Saved data entries
* * * * *
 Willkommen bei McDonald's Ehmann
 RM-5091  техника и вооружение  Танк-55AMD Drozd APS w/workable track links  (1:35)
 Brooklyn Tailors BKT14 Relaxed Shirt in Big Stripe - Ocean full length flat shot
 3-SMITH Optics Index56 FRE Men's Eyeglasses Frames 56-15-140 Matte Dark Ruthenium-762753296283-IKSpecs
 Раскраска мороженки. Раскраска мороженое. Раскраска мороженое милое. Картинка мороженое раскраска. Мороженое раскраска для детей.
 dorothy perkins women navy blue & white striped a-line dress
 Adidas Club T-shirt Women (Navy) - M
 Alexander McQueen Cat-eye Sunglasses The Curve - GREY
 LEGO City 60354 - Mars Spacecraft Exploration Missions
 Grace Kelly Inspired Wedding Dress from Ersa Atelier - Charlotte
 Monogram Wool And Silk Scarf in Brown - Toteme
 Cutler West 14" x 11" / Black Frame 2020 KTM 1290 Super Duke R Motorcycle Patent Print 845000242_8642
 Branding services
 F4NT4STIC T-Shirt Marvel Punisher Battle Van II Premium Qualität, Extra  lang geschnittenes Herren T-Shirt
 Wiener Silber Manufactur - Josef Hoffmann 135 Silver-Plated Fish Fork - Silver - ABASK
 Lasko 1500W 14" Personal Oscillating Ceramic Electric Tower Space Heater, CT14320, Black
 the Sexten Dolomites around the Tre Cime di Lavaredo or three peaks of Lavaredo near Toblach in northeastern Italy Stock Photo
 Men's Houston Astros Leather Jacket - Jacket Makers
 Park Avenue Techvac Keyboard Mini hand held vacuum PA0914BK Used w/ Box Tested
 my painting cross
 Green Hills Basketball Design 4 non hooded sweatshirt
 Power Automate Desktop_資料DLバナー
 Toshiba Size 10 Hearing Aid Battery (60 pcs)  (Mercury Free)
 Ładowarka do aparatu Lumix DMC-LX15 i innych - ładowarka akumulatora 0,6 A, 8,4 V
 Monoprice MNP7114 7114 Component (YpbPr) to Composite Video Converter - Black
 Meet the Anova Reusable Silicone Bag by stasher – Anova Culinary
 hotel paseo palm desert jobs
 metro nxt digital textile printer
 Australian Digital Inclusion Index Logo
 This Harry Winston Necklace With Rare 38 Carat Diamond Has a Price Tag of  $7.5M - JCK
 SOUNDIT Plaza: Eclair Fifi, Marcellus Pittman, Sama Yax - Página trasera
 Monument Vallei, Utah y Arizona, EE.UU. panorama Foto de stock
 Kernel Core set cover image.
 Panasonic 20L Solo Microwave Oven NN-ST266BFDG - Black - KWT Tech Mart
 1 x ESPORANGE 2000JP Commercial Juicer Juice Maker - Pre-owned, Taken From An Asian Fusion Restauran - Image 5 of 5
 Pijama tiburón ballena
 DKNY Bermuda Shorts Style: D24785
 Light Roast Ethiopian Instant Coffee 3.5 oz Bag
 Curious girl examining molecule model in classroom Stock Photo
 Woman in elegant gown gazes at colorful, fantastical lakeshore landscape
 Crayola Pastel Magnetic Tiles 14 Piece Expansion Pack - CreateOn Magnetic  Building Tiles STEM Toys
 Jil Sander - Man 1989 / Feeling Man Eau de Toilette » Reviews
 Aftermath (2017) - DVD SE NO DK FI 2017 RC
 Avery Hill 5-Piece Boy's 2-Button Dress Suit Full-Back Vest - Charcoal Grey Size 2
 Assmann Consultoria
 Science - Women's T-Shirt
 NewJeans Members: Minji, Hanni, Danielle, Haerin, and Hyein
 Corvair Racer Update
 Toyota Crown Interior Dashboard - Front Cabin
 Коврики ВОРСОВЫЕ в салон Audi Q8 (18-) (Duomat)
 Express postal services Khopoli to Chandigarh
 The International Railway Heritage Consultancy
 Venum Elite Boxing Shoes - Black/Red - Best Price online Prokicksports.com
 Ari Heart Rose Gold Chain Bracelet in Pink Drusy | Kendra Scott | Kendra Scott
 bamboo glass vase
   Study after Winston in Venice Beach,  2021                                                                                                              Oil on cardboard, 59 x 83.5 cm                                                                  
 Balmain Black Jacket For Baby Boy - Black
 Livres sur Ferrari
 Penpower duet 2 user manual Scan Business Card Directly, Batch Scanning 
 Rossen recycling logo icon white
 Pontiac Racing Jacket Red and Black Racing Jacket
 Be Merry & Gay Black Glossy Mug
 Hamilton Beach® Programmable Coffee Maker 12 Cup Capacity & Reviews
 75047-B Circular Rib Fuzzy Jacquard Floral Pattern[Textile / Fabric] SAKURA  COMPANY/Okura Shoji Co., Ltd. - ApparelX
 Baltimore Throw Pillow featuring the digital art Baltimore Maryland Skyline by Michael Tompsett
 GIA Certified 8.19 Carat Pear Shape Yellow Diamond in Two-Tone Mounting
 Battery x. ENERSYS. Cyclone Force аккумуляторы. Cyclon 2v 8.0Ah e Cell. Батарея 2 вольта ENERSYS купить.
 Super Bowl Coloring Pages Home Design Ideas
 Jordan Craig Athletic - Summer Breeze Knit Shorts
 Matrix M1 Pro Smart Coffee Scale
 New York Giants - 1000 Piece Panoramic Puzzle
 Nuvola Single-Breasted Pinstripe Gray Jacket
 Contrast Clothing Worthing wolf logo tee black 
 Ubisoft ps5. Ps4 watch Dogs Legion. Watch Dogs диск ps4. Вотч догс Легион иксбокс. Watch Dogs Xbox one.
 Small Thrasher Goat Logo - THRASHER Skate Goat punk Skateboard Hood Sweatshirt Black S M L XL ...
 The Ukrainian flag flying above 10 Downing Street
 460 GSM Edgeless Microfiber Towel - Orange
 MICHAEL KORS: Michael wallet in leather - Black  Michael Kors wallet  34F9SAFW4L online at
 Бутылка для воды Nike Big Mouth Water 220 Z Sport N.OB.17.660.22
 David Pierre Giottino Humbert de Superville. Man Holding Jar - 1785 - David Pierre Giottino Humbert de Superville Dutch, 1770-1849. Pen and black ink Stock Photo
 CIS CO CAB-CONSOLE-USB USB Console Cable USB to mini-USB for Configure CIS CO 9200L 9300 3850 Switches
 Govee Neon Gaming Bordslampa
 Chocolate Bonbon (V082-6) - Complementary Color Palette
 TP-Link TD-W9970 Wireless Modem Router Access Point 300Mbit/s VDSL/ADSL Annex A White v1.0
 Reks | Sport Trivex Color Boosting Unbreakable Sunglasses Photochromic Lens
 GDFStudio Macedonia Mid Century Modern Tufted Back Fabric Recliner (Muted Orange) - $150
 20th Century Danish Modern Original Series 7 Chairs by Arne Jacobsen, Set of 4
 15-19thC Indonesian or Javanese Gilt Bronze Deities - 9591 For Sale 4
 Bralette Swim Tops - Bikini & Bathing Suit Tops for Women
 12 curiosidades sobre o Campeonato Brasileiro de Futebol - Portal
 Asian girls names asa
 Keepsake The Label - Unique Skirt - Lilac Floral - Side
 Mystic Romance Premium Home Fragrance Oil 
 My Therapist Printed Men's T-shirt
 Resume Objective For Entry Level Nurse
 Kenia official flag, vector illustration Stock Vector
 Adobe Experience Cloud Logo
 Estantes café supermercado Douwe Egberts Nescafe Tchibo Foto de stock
* * * * *
HOW TO COMPLETE THIS TASK =>
What is needed is a verbatim copy of every line in the records above from the one containing "Ari Heart Rose" down to the one containing "Бутылка для воды", both included, and nothing more.

ANSWER SECTION =>
 Ari Heart Rose Gold Chain Bracelet in Pink Drusy | Kendra Scott | Kendra Scott
 bamboo glass vase
   Study after Winston in Venice Beach,  2021                                                                                                              Oil on cardboard, 59 x 83.5 cm                                                                  
 Balmain Black Jacket For Baby Boy - Black
 Livres sur Ferrari
 Penpower duet 2 user manual Scan Business Card Directly, Batch Scanning 
 Rossen recycling logo icon white
 Pontiac Racing Jacket Red and Black Racing Jacket
 Be Merry & Gay Black Glossy Mug
 Hamilton Beach® Programmable Coffee Maker 12 Cup Capacity & Reviews
 75047-B Circular Rib Fuzzy Jacquard Floral Pattern[Textile / Fabric] SAKURA  COMPANY/Okura Shoji Co., Ltd. - ApparelX
 Baltimore Throw Pillow featuring the digital art Baltimore Maryland Skyline by Michael Tompsett
 GIA Certified 8.19 Carat Pear Shape Yellow Diamond in Two-Tone Mounting
 Battery x. ENERSYS. Cyclone Force аккумуляторы. Cyclon 2v 8.0Ah e Cell. Батарея 2 вольта ENERSYS купить.
 Super Bowl Coloring Pages Home Design Ideas
 Jordan Craig Athletic - Summer Breeze Knit Shorts
 Matrix M1 Pro Smart Coffee Scale
 New York Giants - 1000 Piece Panoramic Puzzle
 Nuvola Single-Breasted Pinstripe Gray Jacket
 Contrast Clothing Worthing wolf logo tee black 
 Ubisoft ps5. Ps4 watch Dogs Legion. Watch Dogs диск ps4. Вотч догс Легион иксбокс. Watch Dogs Xbox one.
 Small Thrasher Goat Logo - THRASHER Skate Goat punk Skateboard Hood Sweatshirt Black S M L XL ...
 The Ukrainian flag flying above 10 Downing Street
 460 GSM Edgeless Microfiber Towel - Orange
 MICHAEL KORS: Michael wallet in leather - Black  Michael Kors wallet  34F9SAFW4L online at
 Бутылка для воды Nike Big Mouth Water 220 Z Sport N.OB.17.660.22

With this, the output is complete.